The inspection of a visual object is accompanied by complex gaze behavior that has proven difficult to predict (Jovancevic, Sullivan, & Hayhoe,
2006; Turano, Geruschat, & Baker,
2003). Aspects of this gaze behavior are driven by stimulus attributes, but task demands can also drastically influence gaze behavior (Navalpakkam & Itti,
2005). Stimulus attributes include low-level features such as brightness, contrast, color, or spatial frequency, but may also include high-level information such as depth cues. The perception of depth can have the effect of over-riding some of the salient 2-D cues. For example, the addition of perspective information during the viewing of a simple geometric capsule has the effect of biasing gaze towards the center of gravity for the object in 3-D, instead of the center of the 2-D projected form (Vishwanath & Kowler,
2004). In more complex tasks such as face perception, there is evidence that the addition of stereopsis can influence gaze behavior (Chelnokova & Laeng,
2011), but it is difficult to determine whether depth
per se changed eye movement behavior or depth simplified the task, resulting in a change in inspection strategy.

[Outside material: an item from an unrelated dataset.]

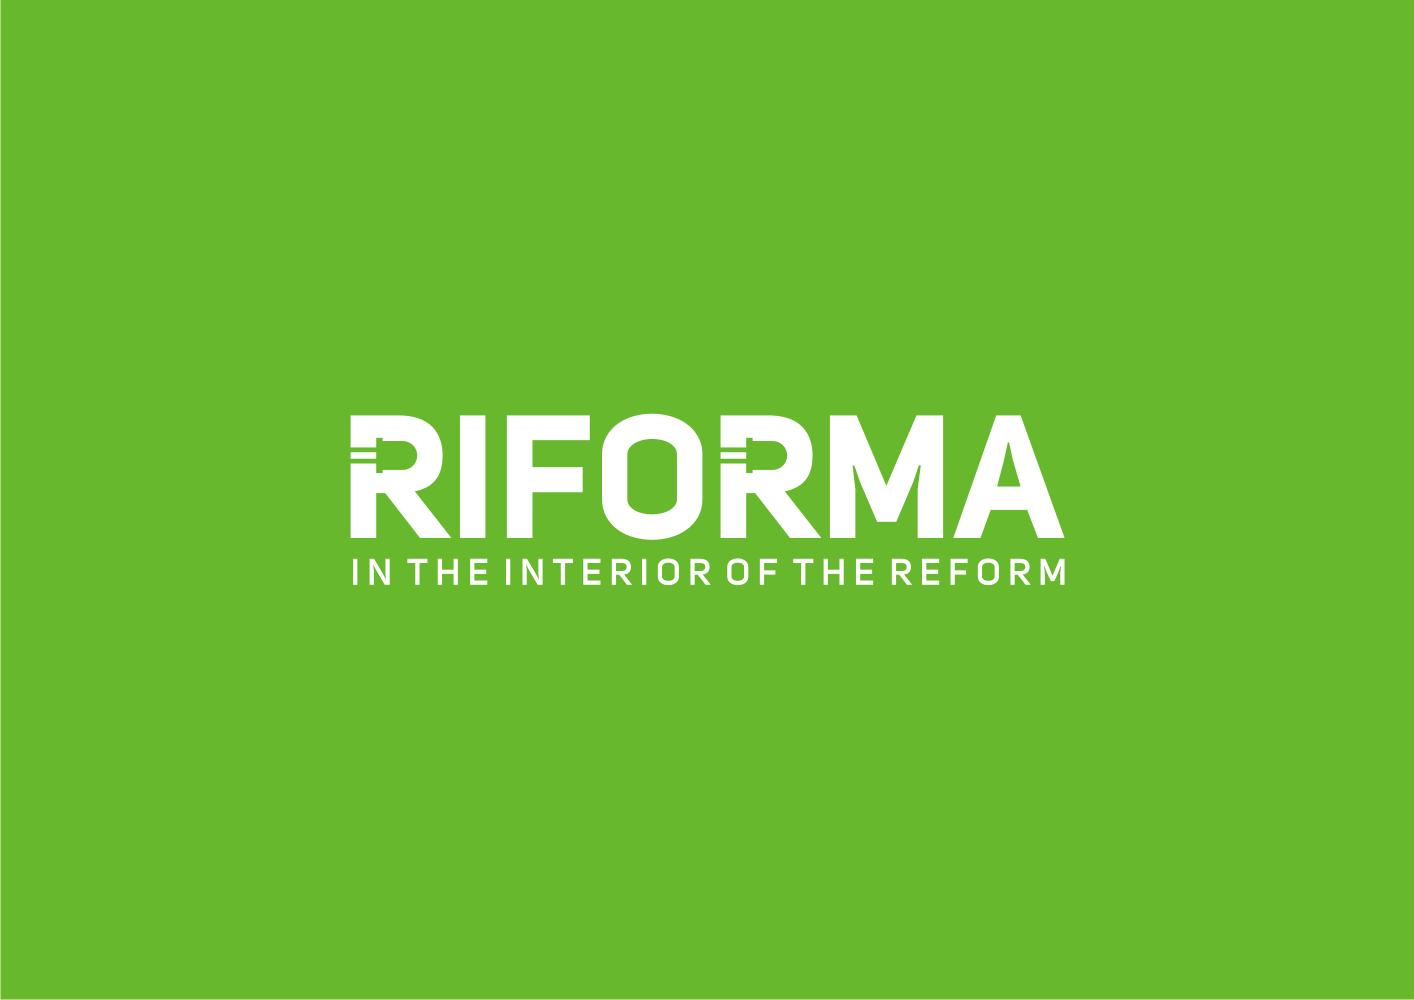 Разработка логотипа и элементов фирменного стиля фото f_82157a75f7e8676a.png

The addition of depth information can influence complex object recognition. For example, face recognition improves with the addition of binocular disparity information (Liu & Ward,
2006). We have shown previously that a number of depths cues, such as structure-from-motion (SFM) and texture (Farivar et al.,
2009; Liu et al.,
2005), can alone serve to empower complex object recognition. Interestingly, not all depth cues are processed by similar cortical mechanisms. For example, stereopsis and SFM are processed largely by the dorsal visual pathway (Backus, Fleet, Parker, & Heeger,
2001; Heeger, Boynton, Demb, Seidemann, & Newsome,
1999; Kamitani & Tong,
2006; Tootell et al.,
1995; Tsao et al.,
2003; Zeki et al.,
1991), a pathway that begins in V1 and courses dorsally through area MT before terminating in the posterior parietal lobe, while texture and shading largely depend on the ventral visual pathway (Merigan,
2000; Merigan & Pham,
1998), a pathway that also begins in V1, but courses ventrally through V4 and terminates in the anterior temporal lobe.
In displays where a single depth cue is used to render an object, low-level cues such as luminance and contrast are unavailable, weak, or unrelated to the surface of the object. This means that saliency models such as described by (Itti & Koch,
2000) would poorly predict gaze behavior during 3-D object recognition, independent of task demands, simply because low-level features in such displays are unrelated to depth. Therefore, gaze behavior in such displays must be driven primarily by the perception of depth and not the manner in which depth is rendered—the depth cue ought to be unimportant. We call this the depth-cue invariance hypothesis—that gaze behavior is driven by the depth profile of an object, independent of low-level features or task demands. The key prediction of this view is that the gaze behavior for a given object recognition task would remain constant across different depth cues. An alternative hypothesis is that gaze performance is not invariant to depth cue, but tasks using each depth cue create different demands for gaze, resulting in a distinct pattern of gaze behavior that depends on the depth cue of the stimulus.
Distinguishing between these two hypotheses is challenging, because it requires comparison of gaze performance across different depth cues in a manner that separates the influence of task demands. While objects can be defined by different depth cues, recognition performance across depth cues is not consistent. For example, face recognition performance with SFM on a 1:8 matching task is approximately 50% (four times above chance), while the same task with shaded faces results in performance close to 85% (Farivar et al.,
2009). This means that we cannot directly compare gaze performance across depth for such a task—the gaze performance difference could be due to the difference in the task difficulty, independent of the depth cue itself (Dehmoobadsharifabadi & Farivar,
2016).
In the studies described below, we have sought to overcome this challenge and measure gaze behavior during face recognition, where faces are defined by different depth cues. We were able to equate task difficulty across the different depth cues by measuring face identification thresholds—the amount of morph between a given facial surface and the “average” facial surface needed to result in correct performance. This allowed us to equate task difficulty across depth cues and therefore directly compare how gaze performance was influenced by depth cues for similar levels of performance on each depth cue.